With the world discarding 120 million metric tonnes of clothes a year and only a fraction of discarded textiles being remade into fibres suitable for use in new, apparel-grade fabric, system-wide improvements could boost that recycling rate to more than 30 per cent new fibres with a raw material value of more than $50 billion, according to a commentary by the Boston Consulting Group (BCG).

Reaching that level will require industry-wide changes, including expanding efforts to collect discarded textiles, adopting new technologies, increasing operational efficiency and boosting investments, it noted.

It will also require more companies to make and sell products created from recycled materials—and more people to buy them.

System-wide improvements could boost textile recycling rate with a raw material value of more than $50 billion, a Boston Consulting Group commentary said.
Reaching that level will require industry-wide changes, including expanding efforts to collect discarded textiles, adopting new tech, raising operational efficiency, boosting investments and making more companies sell recycled products, it noted.

In 2024, discarded clothing worldwide reached 120 million metric tonnes—a clear indication of how dramatically fashion consumption has changed. As a direct result of these trends, global fibre production has more than doubled since 2000, amplifying both consumption patterns and waste.

The increase in textile waste imposes significant economic and environmental burdens.
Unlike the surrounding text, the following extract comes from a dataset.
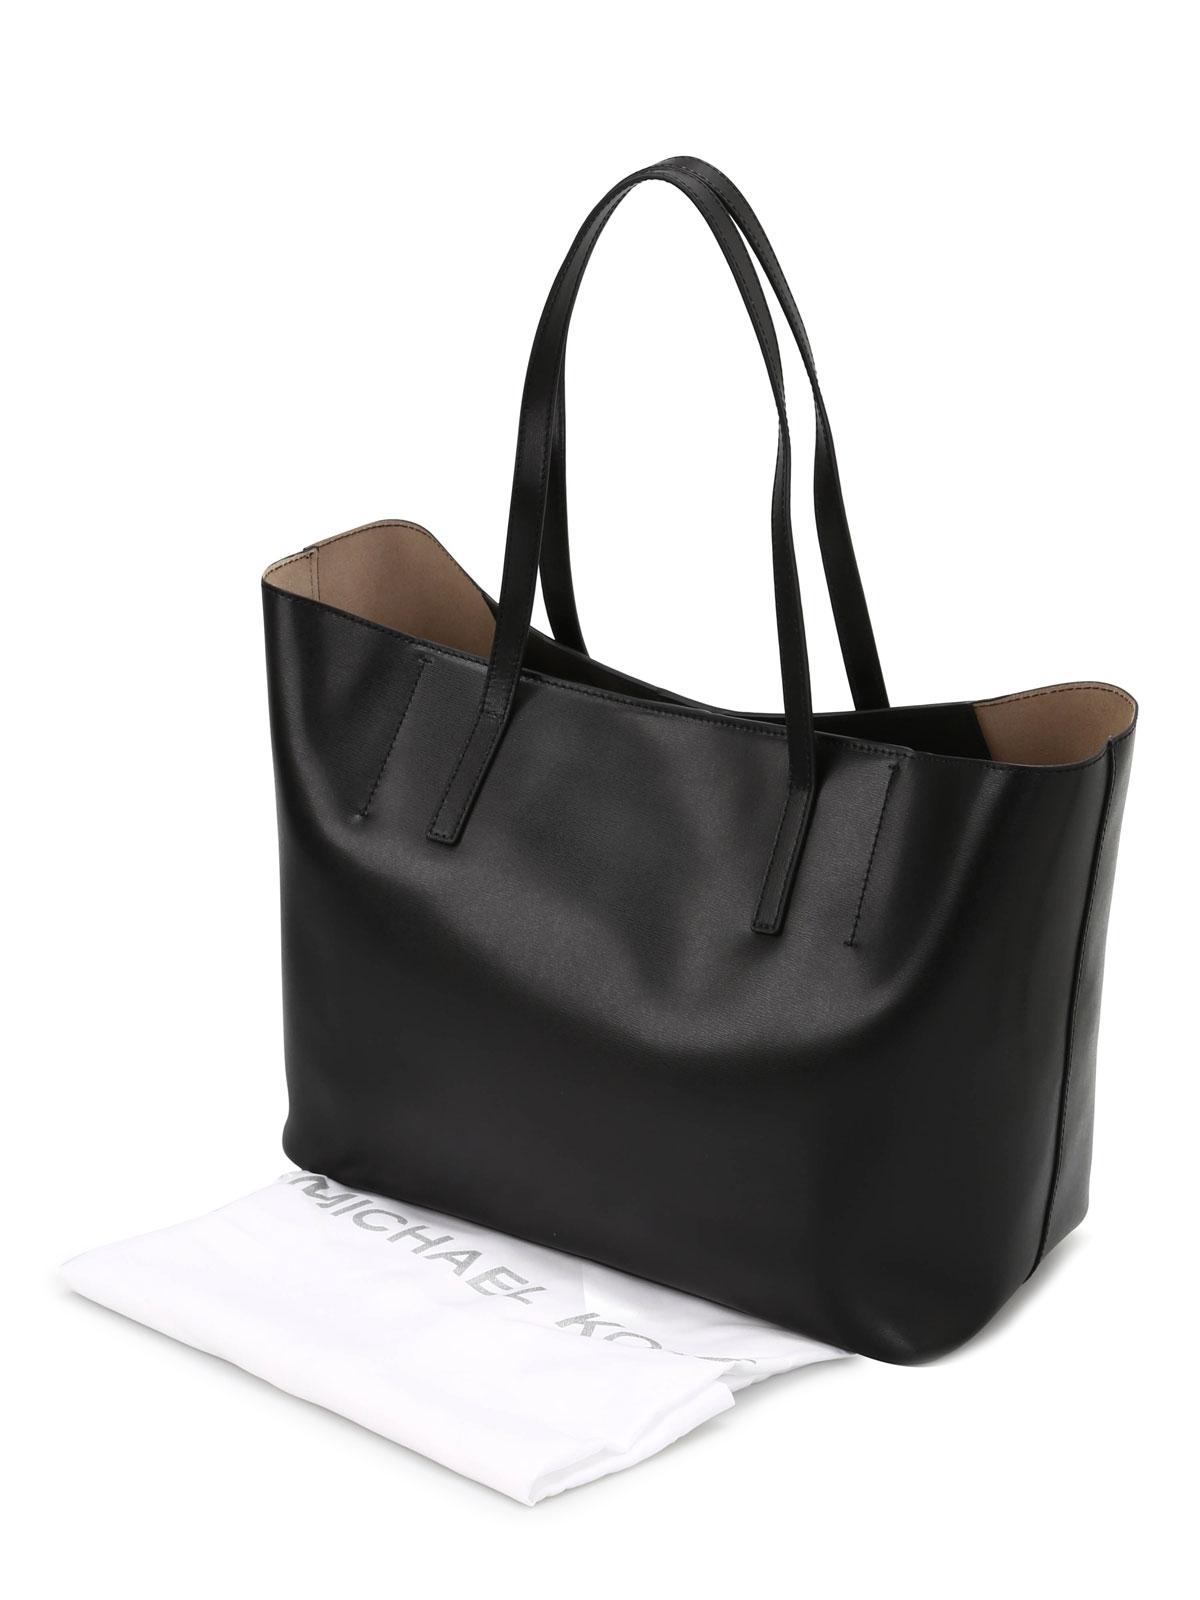 61d0e56c89fc Michael Kors - Emry large tote - totes bags - 30F6GE4T3L 001

In 2024, approximately 80 per cent of discarded clothing ended up in landfills or incinerators, while only 12 per cent was reused, and substantially less than 1 per cent was recycled into new textile fibres.

The environmental toll is particularly high, the commentary by Rohan Sajdeh, Catharina Martinez-Pardo, Alexander Meyer zum Felde, Tom Lange, Eleonora Tieri and Elian Evans observed.
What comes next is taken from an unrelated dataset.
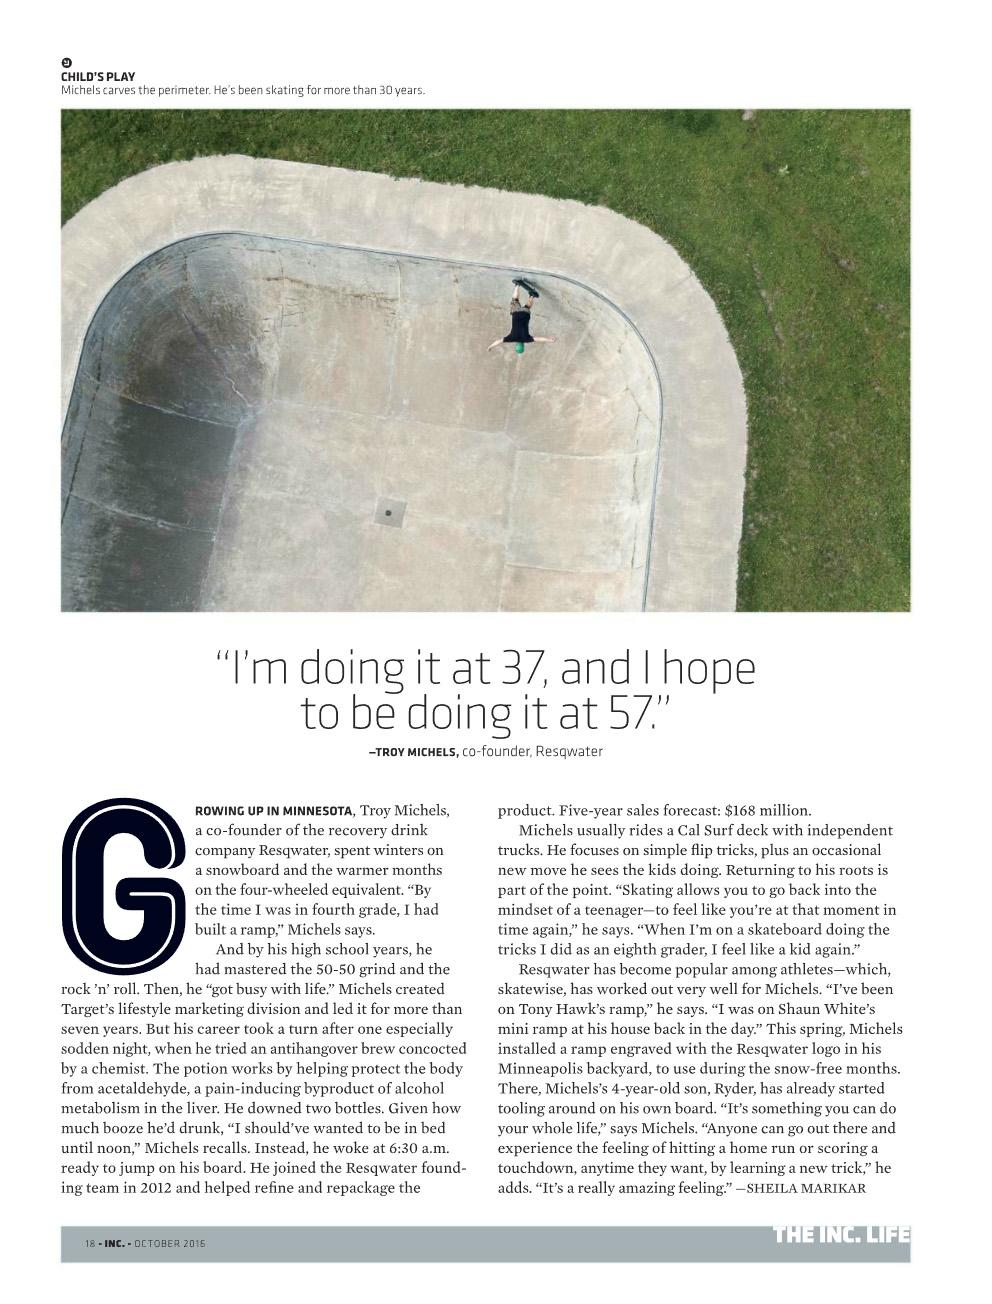 IncMagazine_Oct02.jpg

Producing textiles accounts for 92 per cent of the fashion industry’s greenhouse gas emissions. Disposal exacerbates such emissions. Open dumping adds another layer of risk, releasing harmful micro-plastics into the environment.

The authors expect demand for recycled textiles to exceed supply by 30 to 40 million metric tonnes by 2030.

Despite the growing momentum for change, the existing textile value chain includes many barriers to recovering and reusing more waste. Three, in particular, pose challenges to meaningful change, the authors said.

First, several factors often make recycled materials less desirable economically and practically than virgin fibres. While enthusiasm for recycled fibers is rising, concerns about quality, availability and integration into established supply chains can make them less appealing.

Moreover, the cost disparity is significant: recycled polyester can be more than twice as expensive as virgin polyester, and recycled cotton usually commands a higher price as well.

Second, today’s textile waste management infrastructure falls short. Current textile recycling systems simply weren’t designed for the immense volumes the world generates. Most collection channels primarily support resale markets, both charitable and commercial, rather than recycling initiatives.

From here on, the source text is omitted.